Many countries look to US for business ideas which in fact backfired from education system to IT and technologies. This globalization program only benefits US companies in other countries.

US big companies like McDonald expanded to other countries and want cheap labors to compete with the locals. They are to blame for today low wages and immigrations problems in many countries.

Next time any US President, now Obama, come to Singapore hope someone throw a shoe at them and tell him to go home.

Keep looking at US for ideas and innovation, maybe have to think many times in today's context?





Compare and contrast the canadian minister's words with that of a PAP traitor minister.
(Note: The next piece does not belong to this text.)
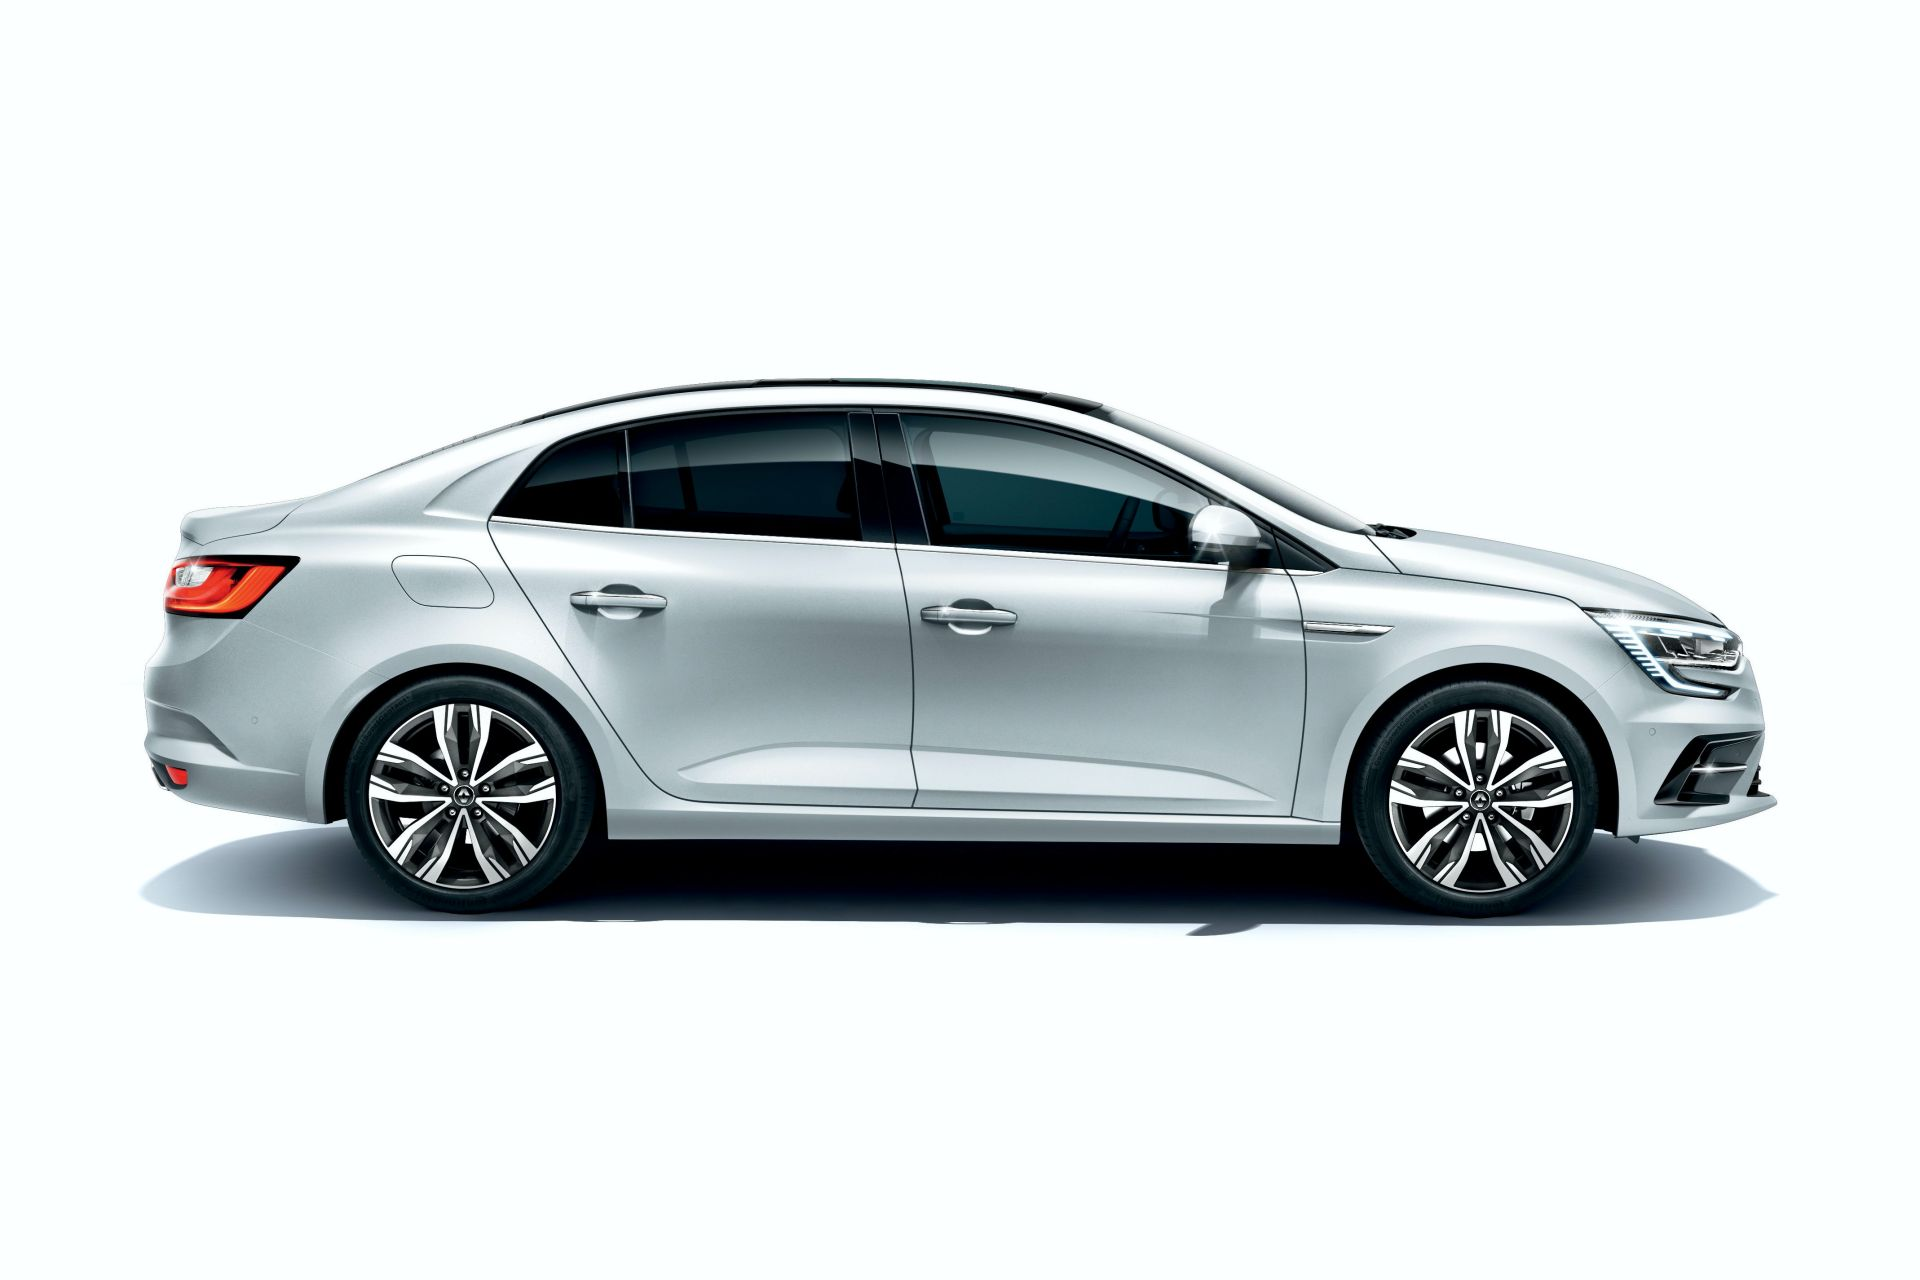 Renault-megane-grand-coupe-sedan-facelift-2021-7

I have highlighted the salient points.

Statement from Minister of Employment and Social Development Jason Kenney

Sunday, April 6, 2014

Our Government will not tolerate any abuse of the Temporary Foreign Worker Program. Any employer found to have broken the rules will face serious consequences. Our message to employers is clear and unequivocal — Canadians must always be first in line for available jobs.

On April 3, 2014 I became aware of very serious allegations that a McDonalds franchise owner in Victoria, British Columbia broke the rules of the Temporary Foreign Worker Program. I immediately ordered my officials to begin an urgent investigation to determine the facts.

Within 24 hours of becoming aware of these allegations, inspectors from my department did an on-site inspection at the location in Victoria and I suspended all Labour Market Opinions and work permits in process for this franchise pending the outcome of the investigation. The Labour Market Opinions and work permits were suspended as I have reasonable grounds to believe that this employer provided Employment and Social Development Canada with false, misleading or inaccurate information.

If the investigation determines that this franchise owner broke the rules of the Temporary Foreign Worker Program, I will permanently revoke their existing Labour Market Opinions and prevent them from hiring temporary foreign workers.